Когда я понял, что передо мной не милиционер, а сотрудник НКВД, я сказал: «Простите, товарищ, но у меня при себе нет документов. Я живу неподалеку и прибежал на рынок, чтобы купить молока, которого уже несколько месяцев не видел».
«Пройдемте в отделение».
Через несколько минут я стоял перед начальником отделения милиции, которому агент НКВД объяснял причину моего задержания. Судя по реакции начальника, чернокожего он видел впервые в жизни. Он спросил, почему у меня не оказалось с собой документов. Когда я рассказал ему про рынок и молоко, то он, по-моему, заподозрил, что у меня вообще нет советских документов.
– Что вы делаете в Москве?
– Я здесь живу и работаю одиннадцать лет.
Начальник наклонился вперед и, глядя мне в глаза, спросил:
– Где вы работаете?
– На Первом шарикоподшипниковом.
Он поднял трубку и набрал номер. Того, кто ему ответил на другом конце провода, начальник спросил, работает ли на заводе негр. Я немного волновался, поскольку вернулся из эвакуации совсем недавно и не знал, поступили ли в отдел кадров необходимые документы. Только бы никто не сказал ему, что я в Куйбышеве!
Очевидно, начальнику подтвердили, что на заводе действительно есть негр-инструментальщик, потому что он, не вешая трубку, поинтересовался у меня, как долго я работаю на Шарикоподшипнике и не нарушал ли я когда-нибудь закон. Я ответил на его вопросы, после чего он громко, чтобы я мог расслышать каждое слово, сказал в трубку: «Советую вам разъяснить товарищу Робинсону, что необходимо всегда иметь при себе документы. Товарищ, видно, полагает, что он все еще живет в буржуазном обществе. А это Советский Союз, и здесь никому нельзя выходить из дому без документов. У него документов не было, вот мы его и арестовали. Если подобное повторится, в следующий раз мы его оштрафуем».

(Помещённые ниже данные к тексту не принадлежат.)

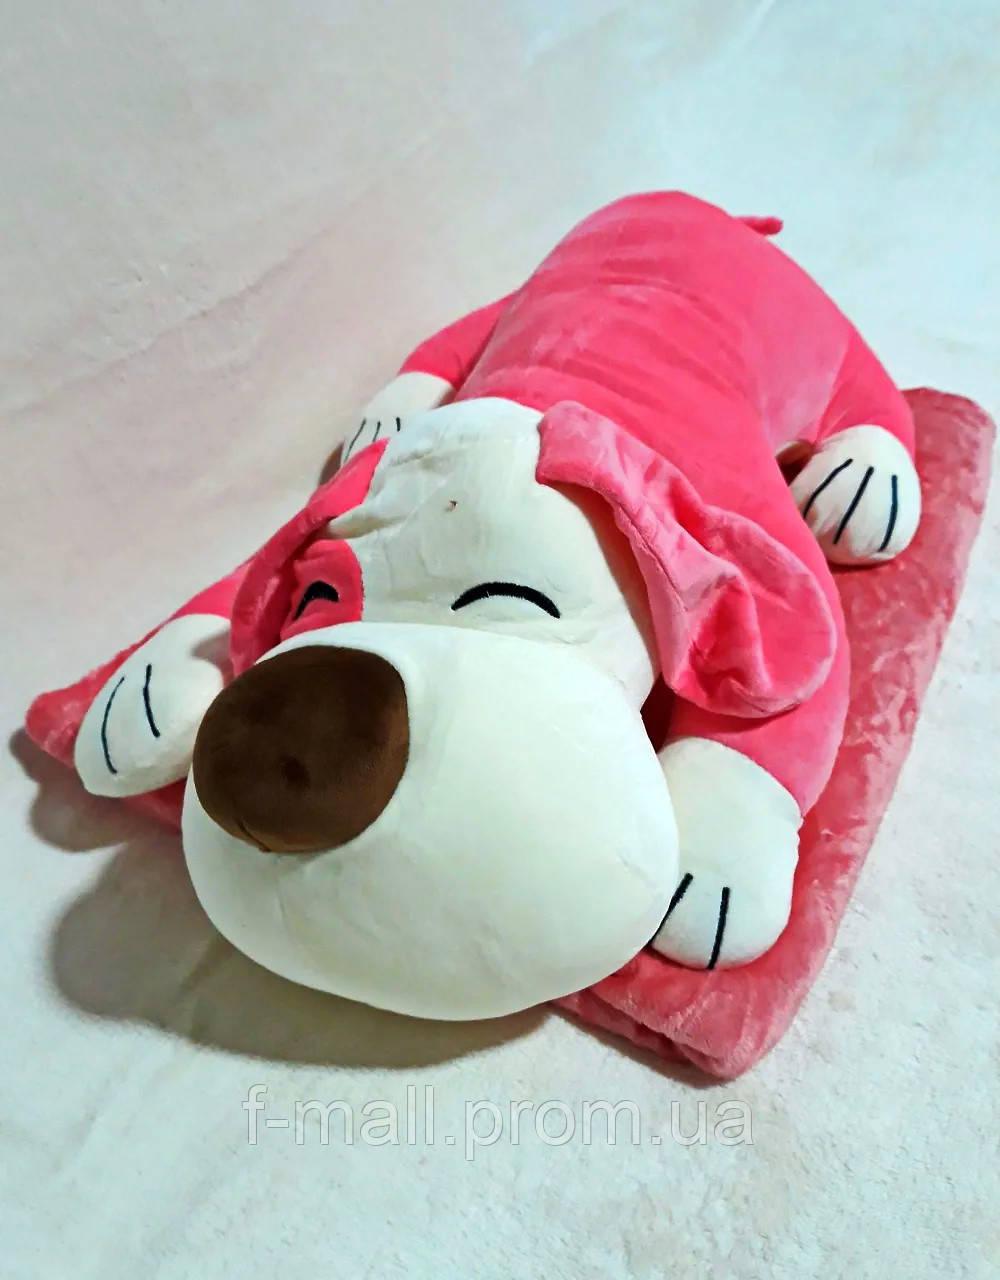 Плед мягкая игрушка 3 в 1 Собака розовая (18)
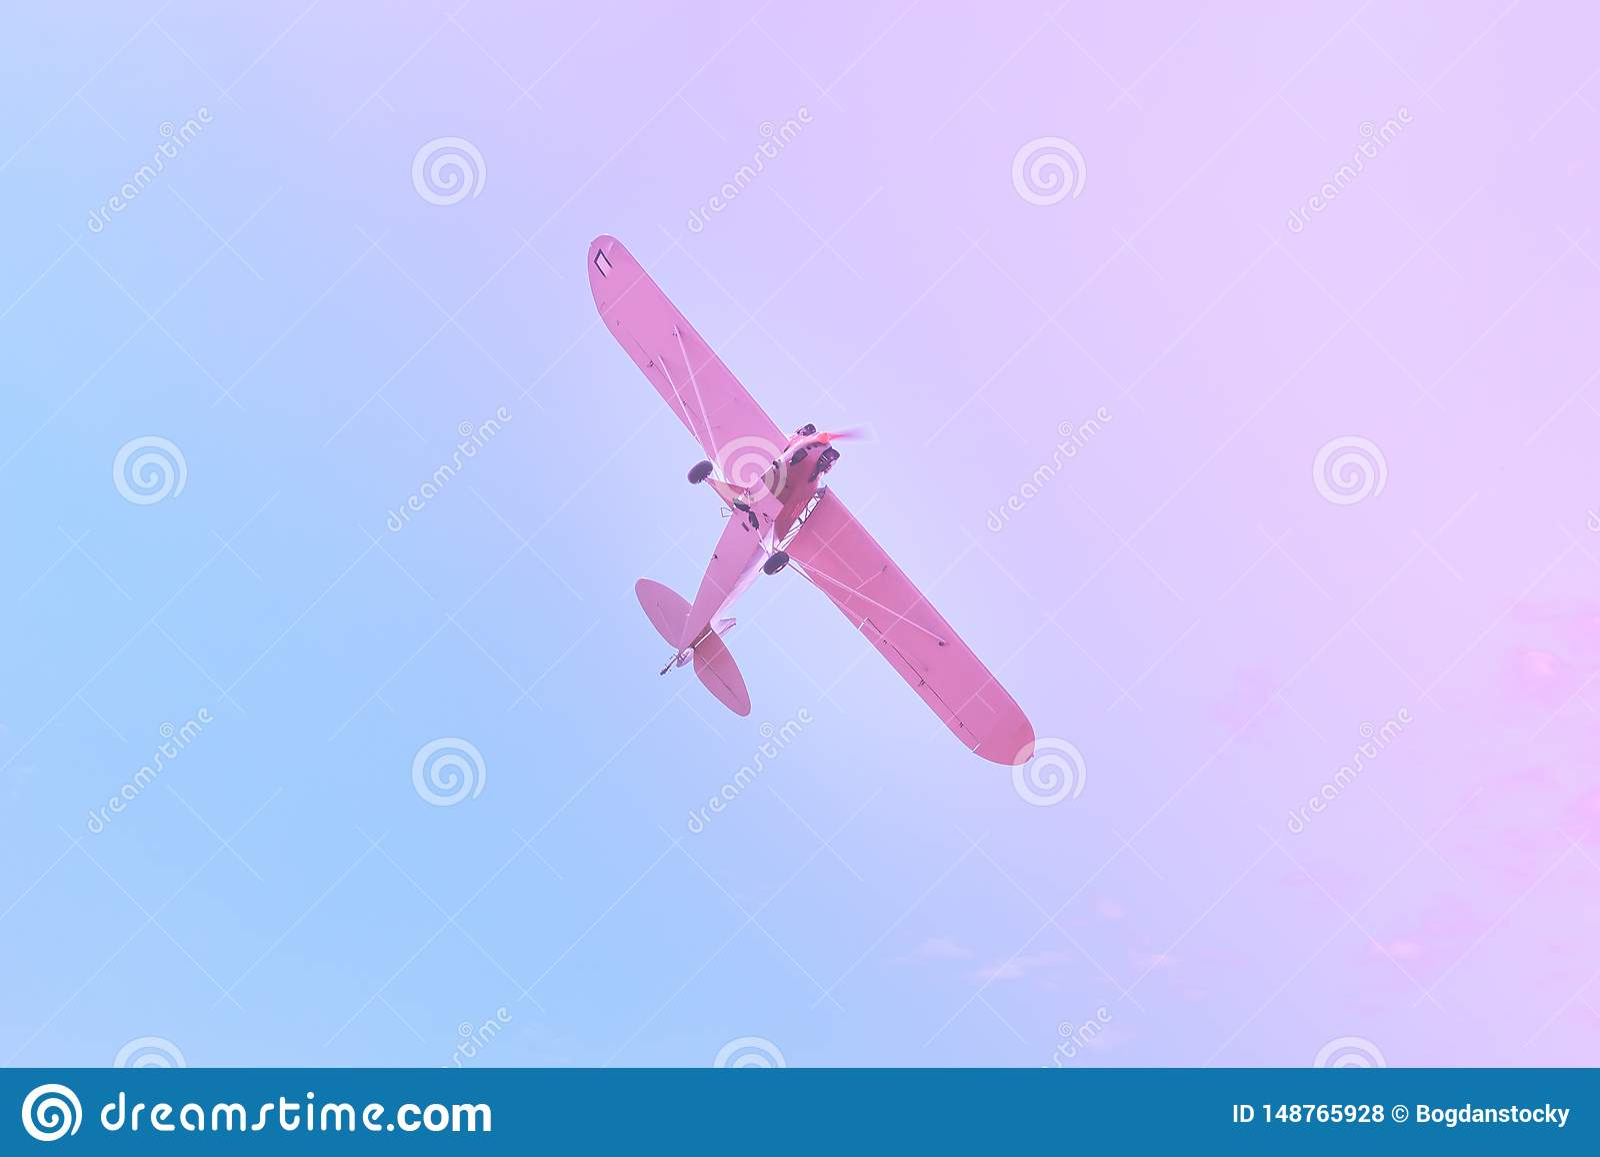 Peque?o vuelo plano contra el azul, cielo p?rpura, rosado

Я серьезно отнесся к его лекции и с этого дня всегда, даже когда заходил к соседу по дому, имел при себе свой заводской пропуск с фотографией.
На заводе мне снова доверили обучение молодых инструментальщиков. Я приехал в Москву вовремя: в воздухе уже пахло весной, немцы отступили и половину нашего Шарикоподшипника вернули назад из эвакуации.
Прошел месяц, прежде чем наш цех был восстановлен и я смог приступить к работе. Большинство станков покрылись ржавчиной, побывав под снегом и дождем, некоторые вышли из строя и теперь нуждались в ремонте. Работа требовала физических сил – приходилось поднимать и переносить тяжелые детали в неотапливаемом цеху. Из-за нехватки продовольствия нас кормили только один раз за всю двенадцатичасовую смену. Обед состоял из тарелки остывшей похлебки, в которой плавали несколько капустных листьев, кусочка мяса (меньше тридцати граммов), сваренного в той же похлебке, двух ложек пюре с топленым маслом и ломтика хлеба весом в пятьдесят граммов.
После того как мы приступили к работе, рацион нам не увеличили. Рабочие жаловались на голод, а им напоминали о том, что солдаты на фронте рискуют жизнью, защищая родину. Несмотря на героический труд рабочих, условия были невыносимыми. Я видел, как мужчины, стоявшие у станков с распухшими от холода руками и ногами, плакали от боли. Некоторые теряли сознание от голода и усталости. За две недели двое рабочих умерли прямо в цеху.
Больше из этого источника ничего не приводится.